Definitions F+ = rate when helicity bit is true F- = rate when helicity bit is false Favg = DAQ rate (should be average of F+ and F-) A_pred = (F+ - F-)/(F+ + F-) = predicted asymmetry A_obs = observed helicity in data DT = deadtime reported by Kalyan's algorithm DNR? = if "Y", there were "Data Not Ready" printouts by the event list. If "N" there were none. Run ... avg F ... F+ ... F- ..... A_pred .... A_obs ..... DT ..... DNR? .......... kHz ..... kHz ........... % ....... % ......... % 2056 ... 280 ... 276.2 .. 285.9 .. 1.73 .... 1.01 ..... 0 ..... N 2060 ... 239 ... 236.8 .. 246.3 .. 1.97 .... 2.35 ..... 0 ..... N 2063 ... 311 ... 306.8 .. 316.2 .. 1.51 .... 0.03 ..... 47.7 .. Y 2066 ... 330 ... 323.1 .. 332.3 .. 1.40 .... 0.01 ..... 53.3 .. Y 2068 ... 421 ... 418.3 .. 427.6 .. 1.10 .... 0 ........ 78.7 .. Y 2071 ... 218 ... 216.4 .. 226.1 .. 2.19 .... 1.22 ..... 0 ..... N 2073 ... 138 ... 135.8 .. 145.9 .. 3.58 .... 1.53 ..... 0 ..... N
Comments
The deadtime (DT) skyrockets at a critical frequency.
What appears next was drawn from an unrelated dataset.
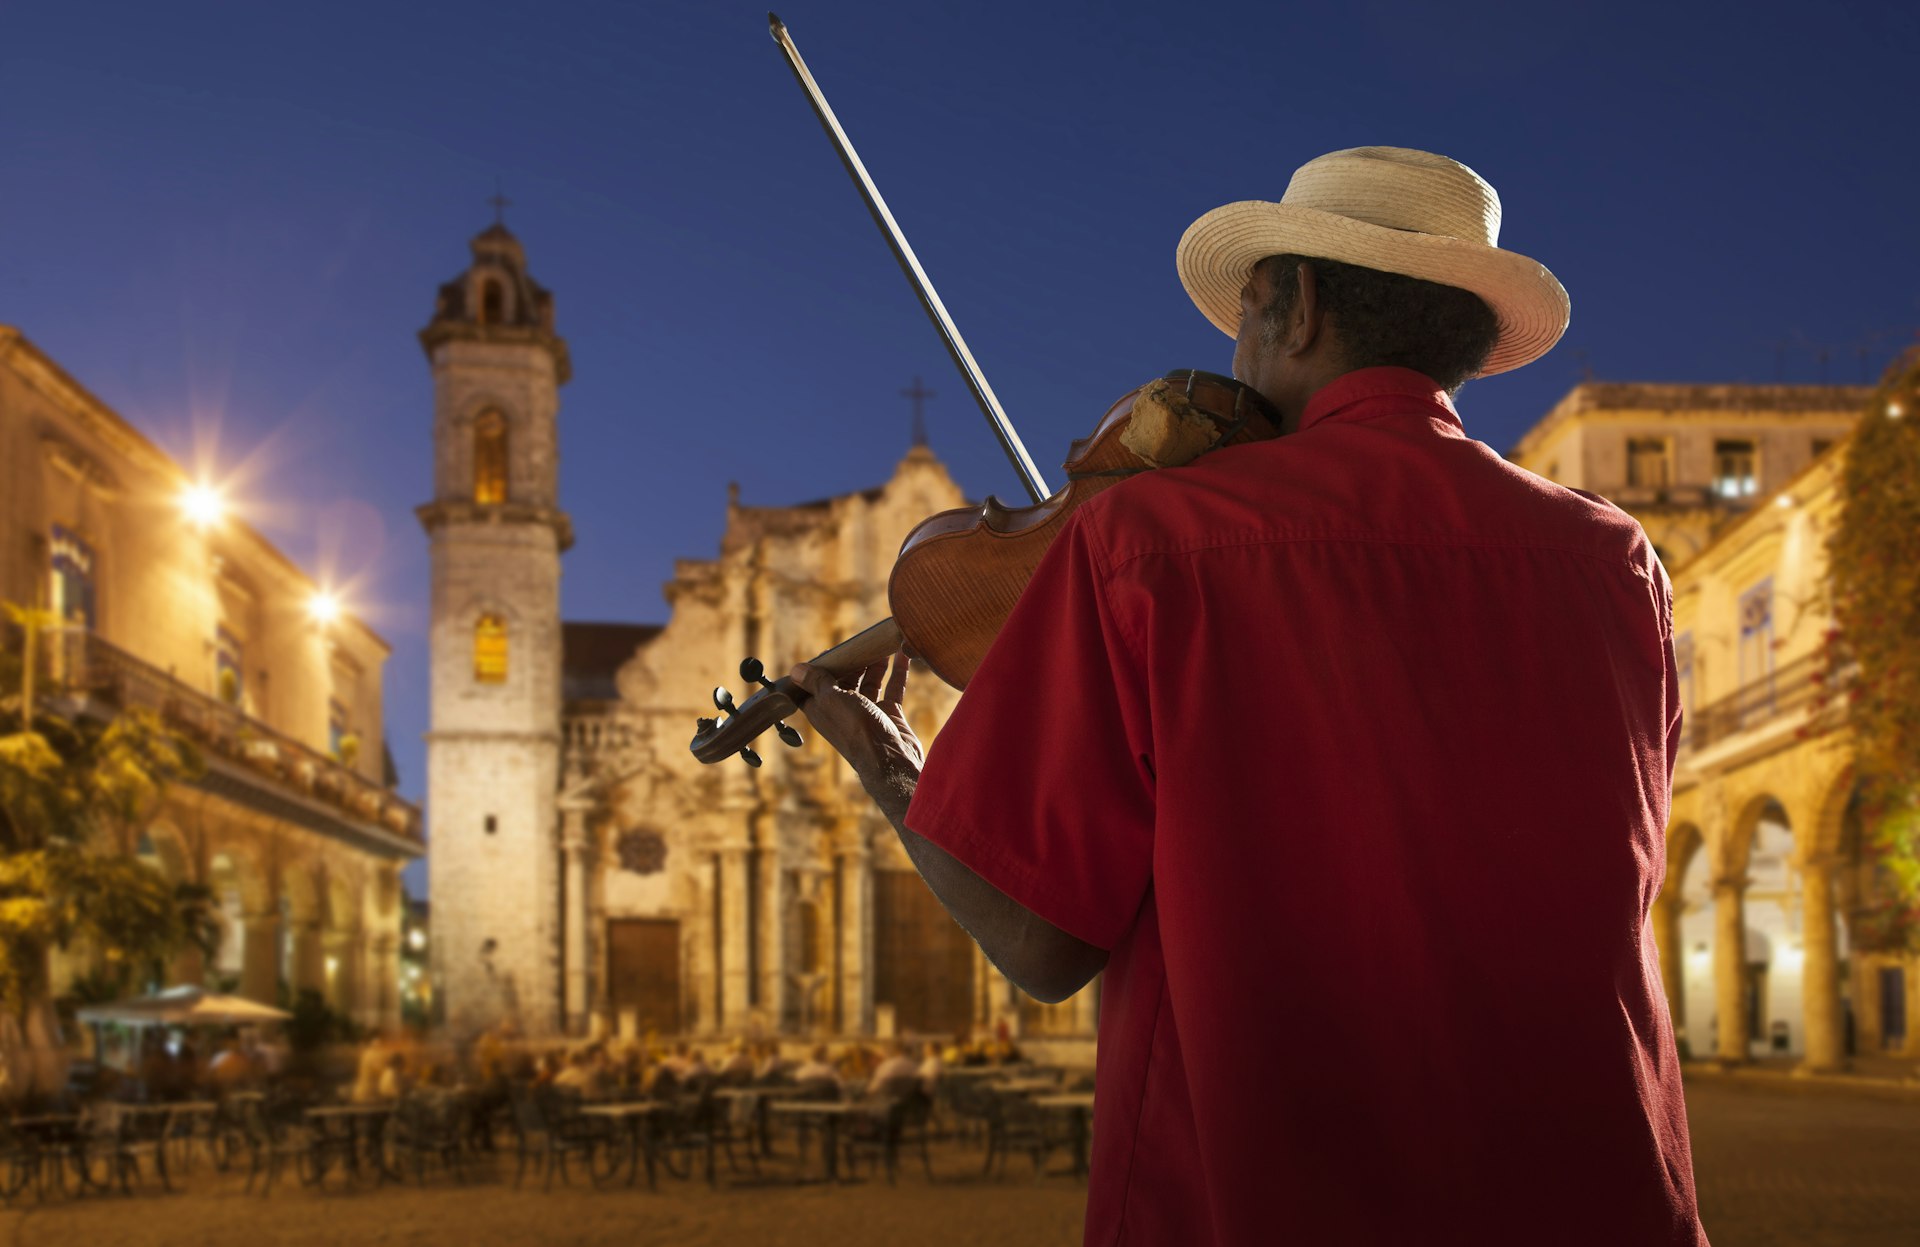 Man playing violin at night in Plaza de la Catedral in Havana, Cuba

I don't think I could get a small nonzero deadtime (e.g. 5%).
The presence of nonzero DT causes the Asymmetry to be completely diluted, by a far larger factor than you'd expect. Expect a dilution factor of 1-DT
A_obs often does not agree with A_pred. The other day (late Feb entry) this was also true, though one is sometimes greater and sometimes less than the other. Not clear why.
I am not convinced we are measuring the DT correctly. Need a second, redundant method.